View the main Undoing Adoption page
Identicide names the institutional destruction of natal identity. It should be read together with the other critical texts in the same line:
On this page
- What identicide is
- Why it was necessary to name it
- Natal identity, filiation and truth of origin
- Adoption as the setting of identicide
- Manifestations of identicide
- Identicide as structural violence
- Documents, records and legal fiction
- Memory, genealogy and restitution
- A concept to expand the language of human rights
- Key concepts
- Structure of the text
- Publication, versions and records
- Access to the publication
- Recommended citation
What identicide is
Identicide designates the process by which a person is stripped of their natal identity — their genealogy, name, lineage and truth of origin — and replaced with a fabricated identity.

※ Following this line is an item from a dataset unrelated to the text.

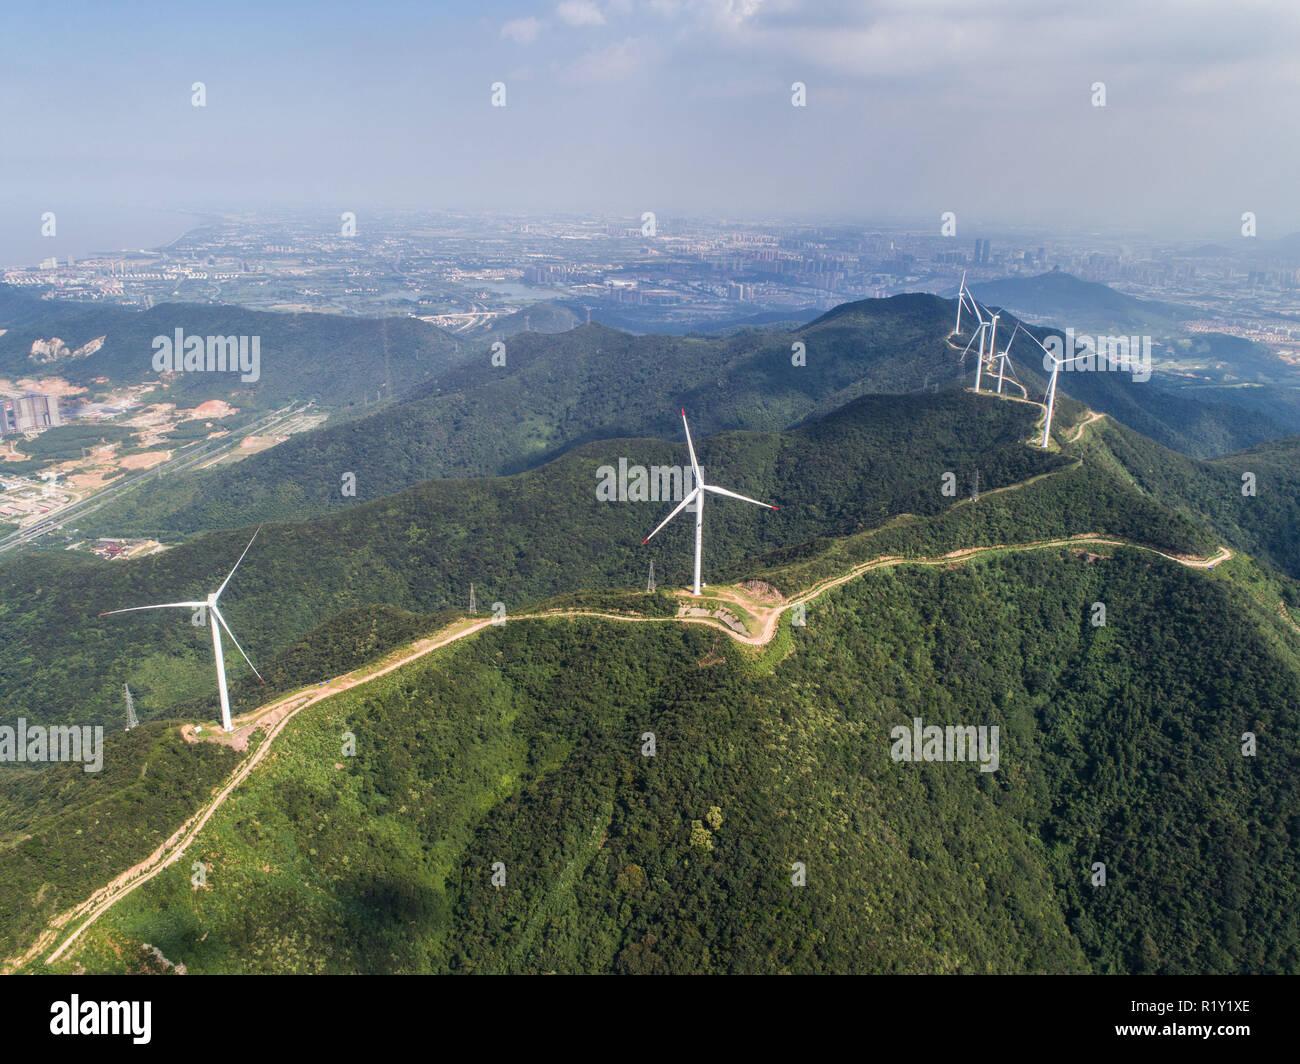 (181115) -- BEIJING, 15 novembre 2018 (Xinhua) -- photo aérienne prise le 23 août 2018 montre le Bianshan wind farm à Changxing County, la Chine de l'est la province de Zhejiang. Selon le Bureau national des statistiques, la Chine a augmenté de production d'énergie de 7,2 pour cent sur un an au cours des 10 premiers mois de 2018. Rien qu'en octobre, la Chine a généré 533 milliards de kilowatt-heures (kWh) d'électricité, en hausse de 4,8 pour cent d'année en année, plus rapide que la croissance de 4,6 % en septembre. La moyenne quotidienne a atteint 17,2 milliards d'électricité kWh, le chant de 18,3 milliards de kWh en septembre. La Chine a connu une croissance plus rapide des taux d'hy Photo Stock

Unlike physical disappearance, identicide acts upon symbolic existence. It does not kill the body, but it destroys the person’s biographical coherence: the continuity between origin, memory, filiation and identity.
In the context of adoption, identicide occurs when the truth of origin is suppressed, substituted or falsified through legal, religious, family, registry or social mechanisms.
Why it was necessary to name it
The term identicide arises from a necessity: to name a violence that existed but had no word. For decades, modern adoption and other institutional forms of identity substitution have presented themselves through discourses of protection, charity or love.
Yet beneath those discourses, a systematic operation of destruction was taking place: the erasure of origin. Naming that violence is not a rhetorical gesture, but a political act.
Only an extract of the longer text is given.